I’m constantly complaining about science fiction books that are overlooked by the science fiction community, and this one I’ll do so with any even bigger sigh than when I was upset Gary Shteyngart’s Super Sad True Love Story wasn’t even considered for a Hugo. In The Word Exchange, Alena Gradeon took what Shteyngart was doing in his 2010 novel, and instead of making a satire about our gadget-obsessed age, she wrote a full-blown science fiction epidemic. When a new sort of e-reader is introduced onto the market and people start jacking it into their heads, an aphasic “word flu” sweeps the globe. It’s a haunting, exciting, thoroughly researched novel that approaches levels of hard SF. I think this was not only one of the best books of 2014, but one of most thoughtful works of science fiction of the current decade. A must read for lovers of books, words, and the future.

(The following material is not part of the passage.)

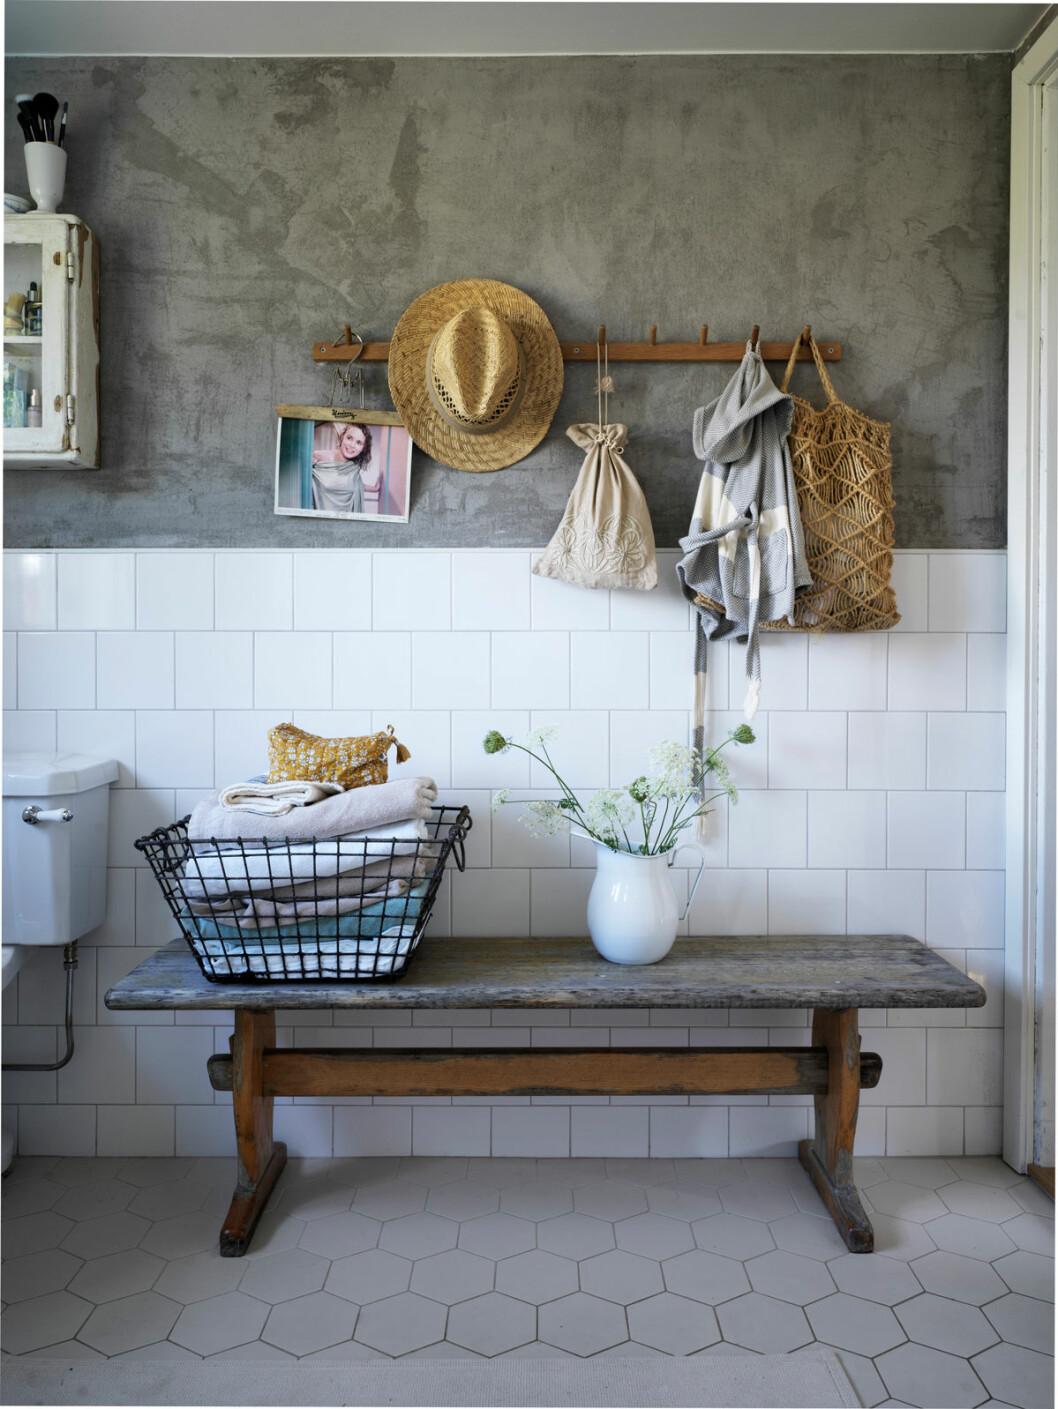 xElsa Billgren sommarhus Gotland badrum

After the dark tones of The Magician King, Lev Grossman was poised to give us the Return of the Jedi of his trilogy, complete with cuddly feelings at the end. And he nailed it. And not only because The Magician’s Land is uplifting, but because it manages levels of excitement and dynamic storytelling previously unexplored in his novels. With more character POVs than either of the previous installments, The Magician’s Land made me long for more novels about these people, specifically Janet, who sat out most of the action in the last book. (Her ice axes in this book were soooo cool!) But, in the end, I can’t say I feel let down to be leaving Fillory behind. Grossman wrapped up this journey with bravado and class. It’s hard to know if this is the best book of the three, but it’s certainly the one I want to read over and over again.

Paul Park is the only writer I know who has actually blended real memoir with science fiction to create a novel that is truly unique. If Jeff VanderMeer is blowing your mind with genre-bending, check out All Those Vanished Engines, and you’ll pass out from realizing how much smarter it is than you.